_Supplied material_
<<<<

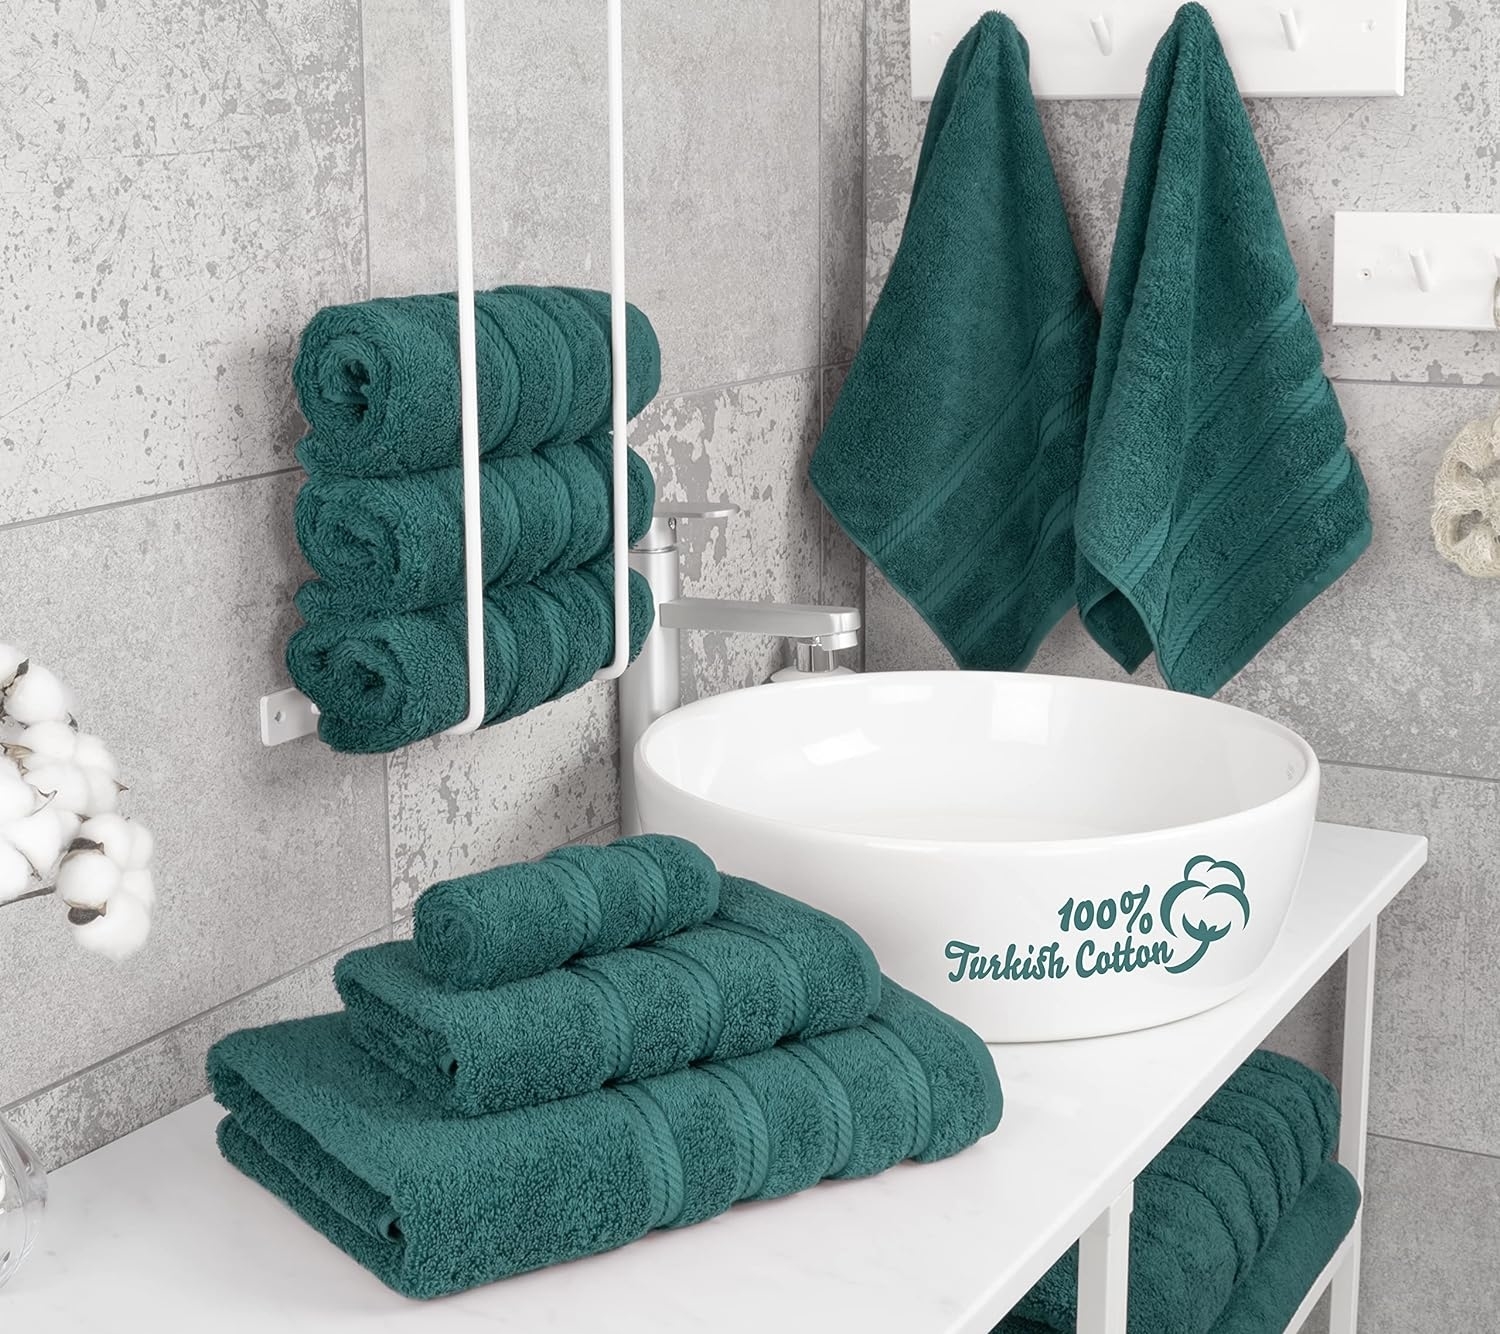 green towels arranged in a bathroom
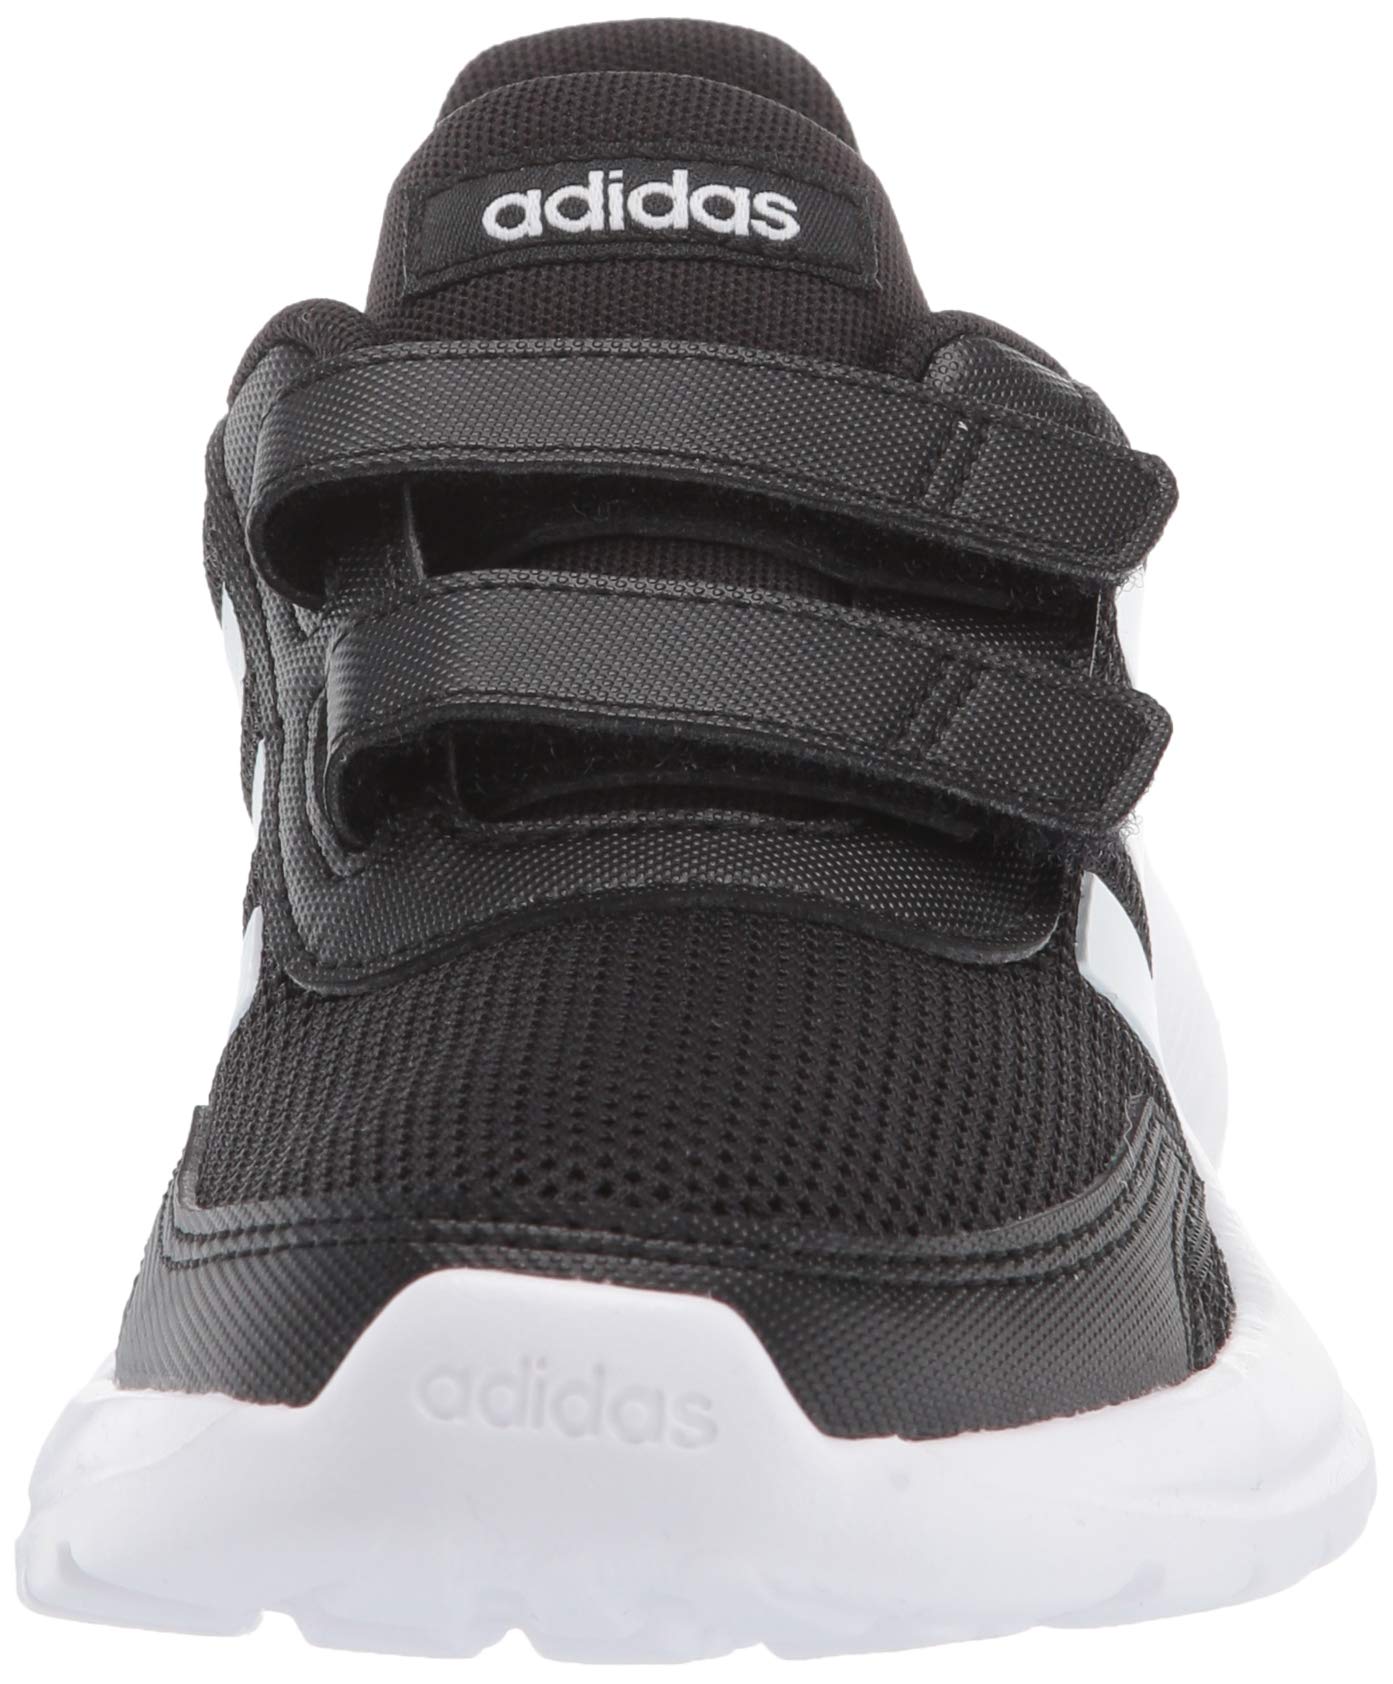 adidas Unisex-Child Tensaur Run C Sneaker
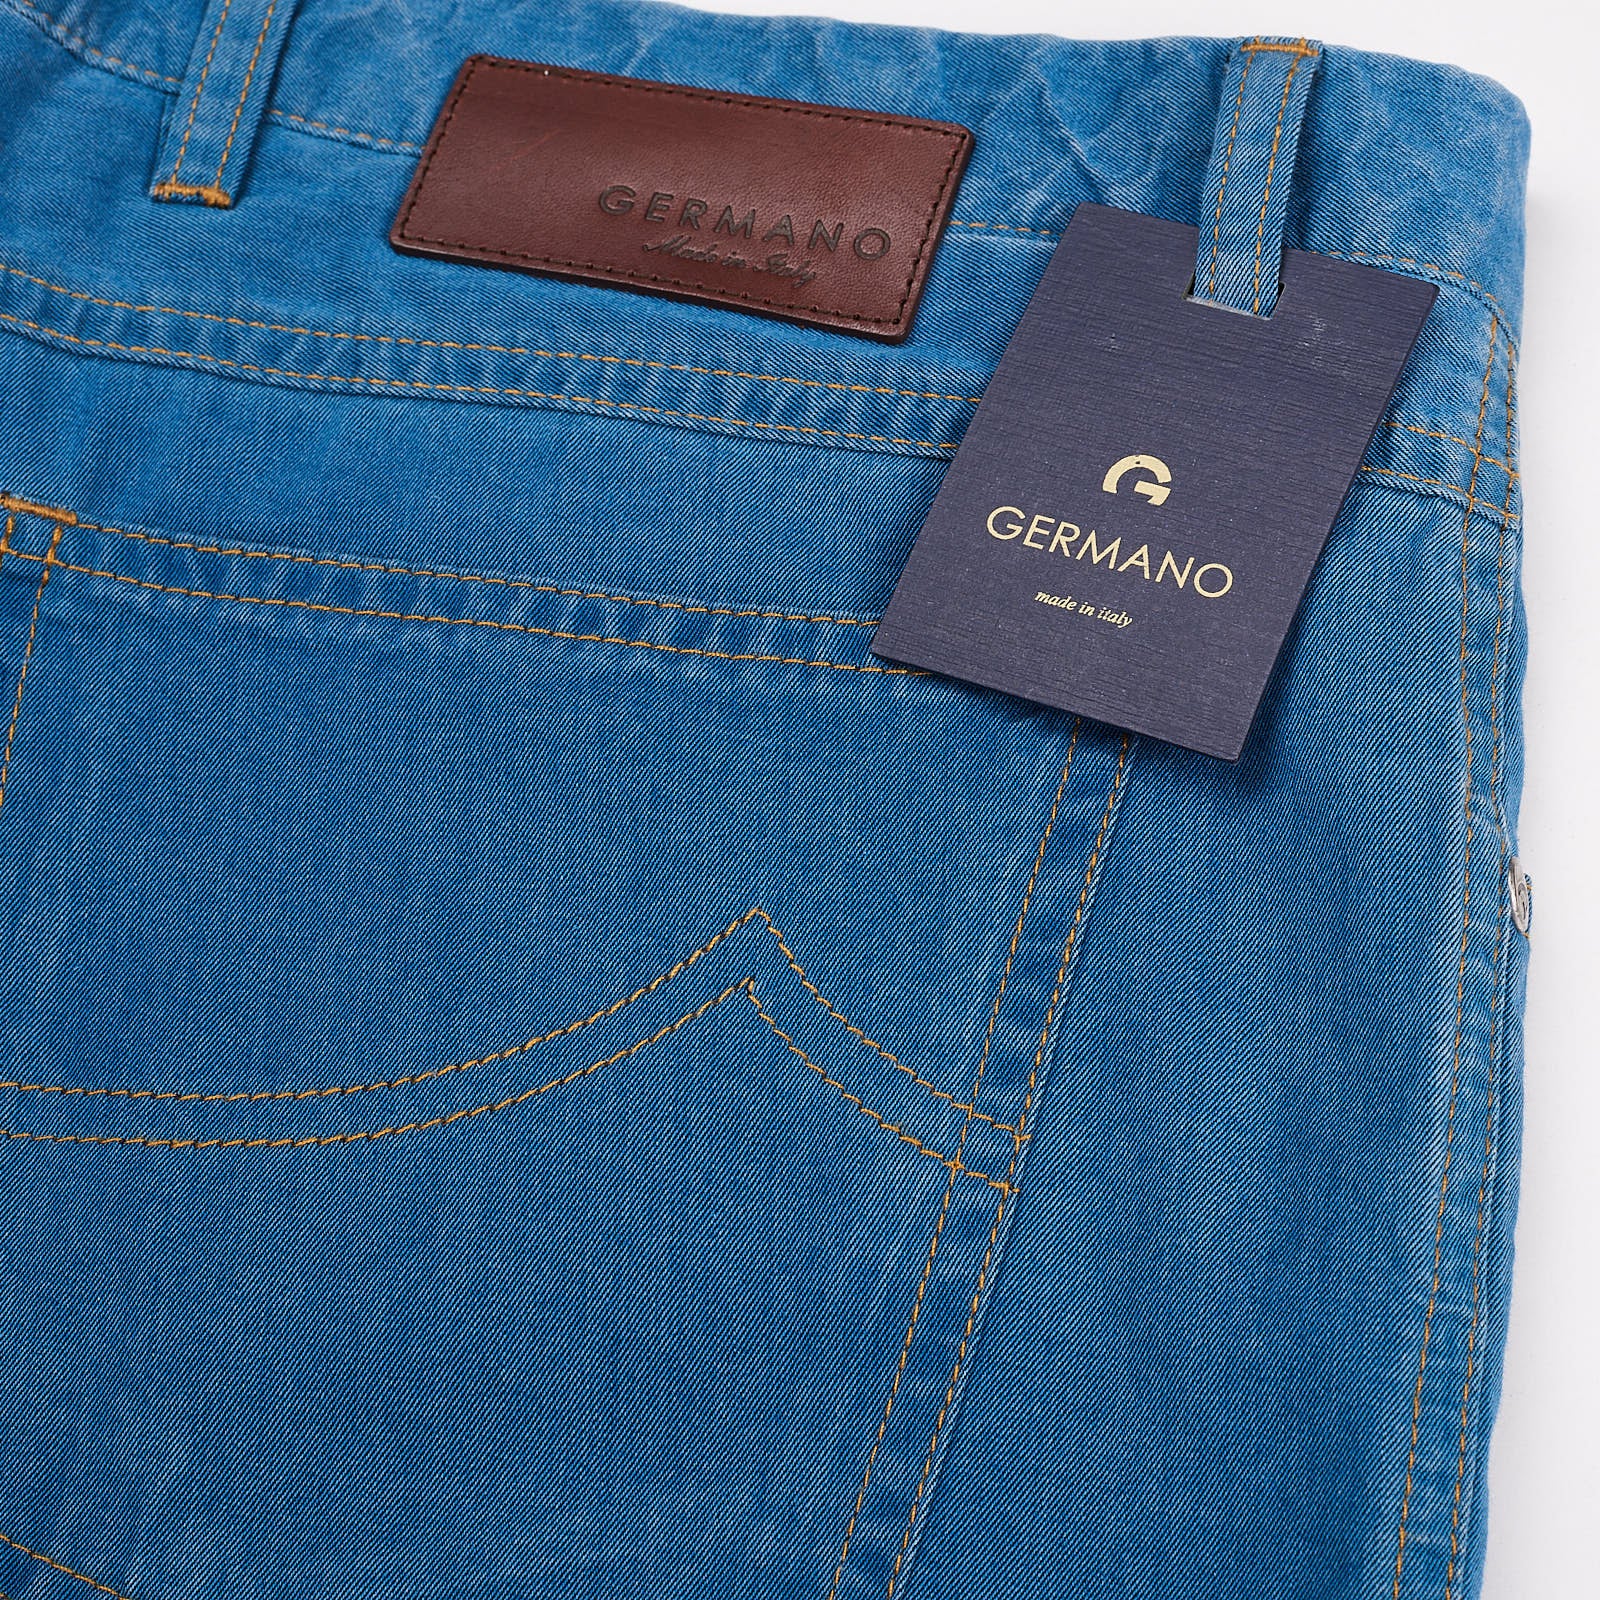 GERMANO Blue Cotton Denim Slim Straight Fit Jeans Pants NEW

>>>>

Return each line above word for word. Skip the pictures.

_Result_
 green towels arranged in a bathroom
 adidas Unisex-Child Tensaur Run C Sneaker
 GERMANO Blue Cotton Denim Slim Straight Fit Jeans Pants NEW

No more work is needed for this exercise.